Advertisement
Advertisement

Site sale a new high for Shanghai

A development site along the Suzhou River in Shanghai has sold for a record 52,855 yuan (HK$60,096) per square metre, largely due to the high cost of relocating affected residents.

State-owned hotel and theme park operator OCT Enterprises won the 133,144 square metre site in Zhabei district for 7.02 billion yuan, 49 per cent above the 4.7 billion yuan reserve price. The district government spent 3.8 billion yuan relocating residents from the area.

Interested developers were asked to pay a deposit of 1.88 billion yuan, which meant only two developers took part in the bidding. On top of that, the winner must now pay 50 per cent of the price within 15 days.

The other bidder was a group formed by Hong Kong-listed SPG Land (Holdings), which owns the Peninsula Hotel on the Bund.

According to the land sale document, participants had to have a track record in managing luxury hotel chains.

'It is a new high in mainland land prices,' said Jim Yip Kin-shing, the head of the investment department at DTZ (North China).

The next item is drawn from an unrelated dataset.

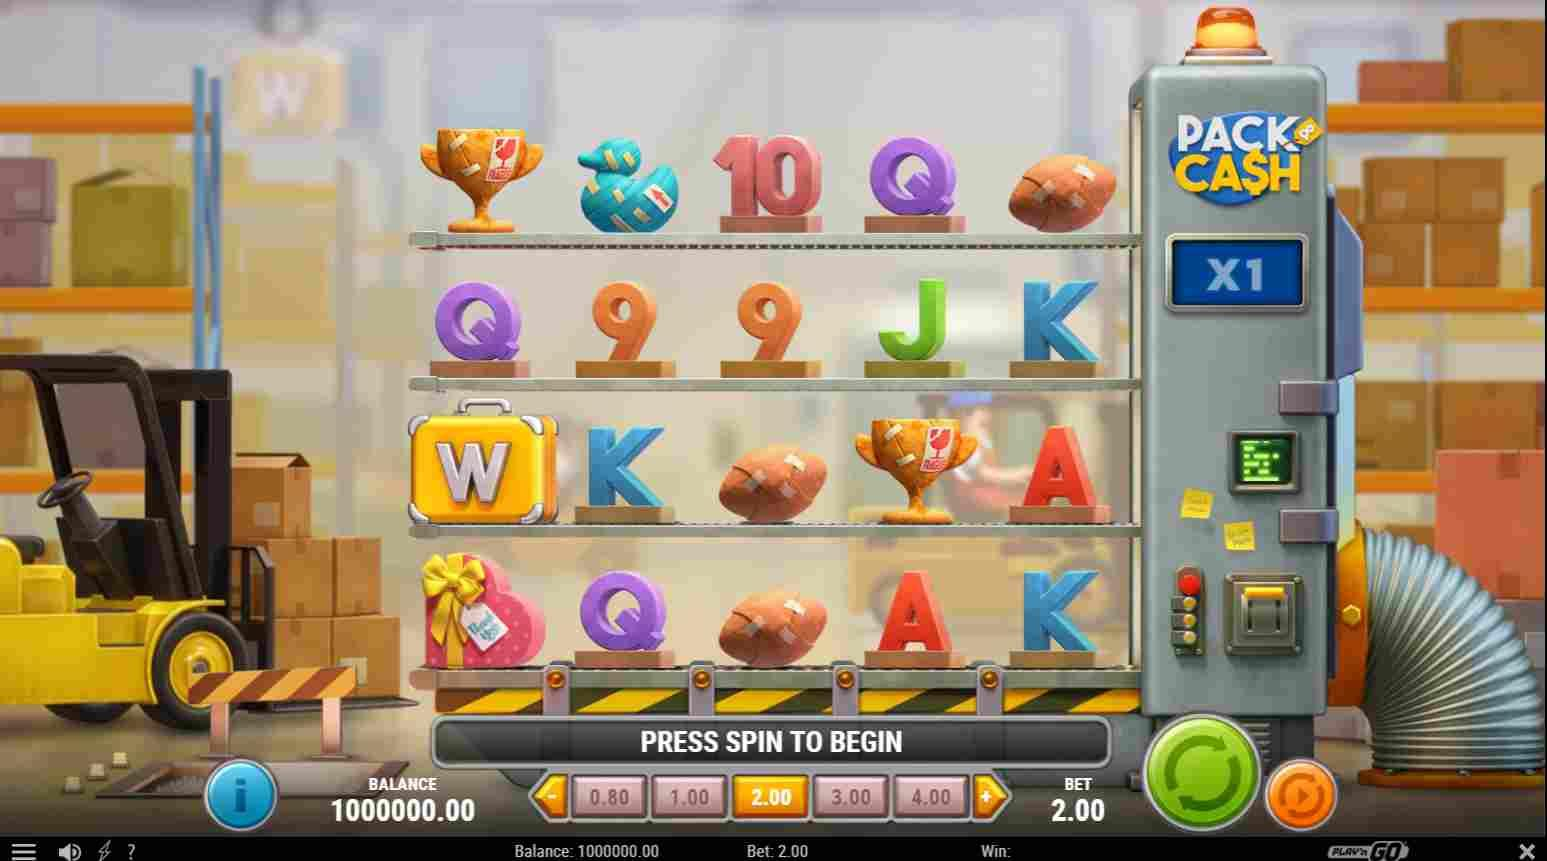 Pack and Cash Slot Base

The accommodation value of the site was more than another in Nanjing Road, Shanghai's busiest shopping area, that sold on Monday. That 13,709 square metre East Nanjing Road site went to a joint venture formed by two Shanghai-listed companies - Shanghai New Huang Pu Real Estate and Shanghai New World - for 3.41 billion yuan or 51,868 yuan per square metre.

Albert Lau, the managing director of property consultant Savills Shanghai, said the price paid for the Zhabei site showed the developer was bullish about the city's outlook.

Separately, SPG Land announced it had acquired two residential sites in Wuxi for a combined 4.95 billion yuan. And Shanghai Forte Land announced earlier this week that it had paid US$328 million for a residential project in Changning district, in Shanghai.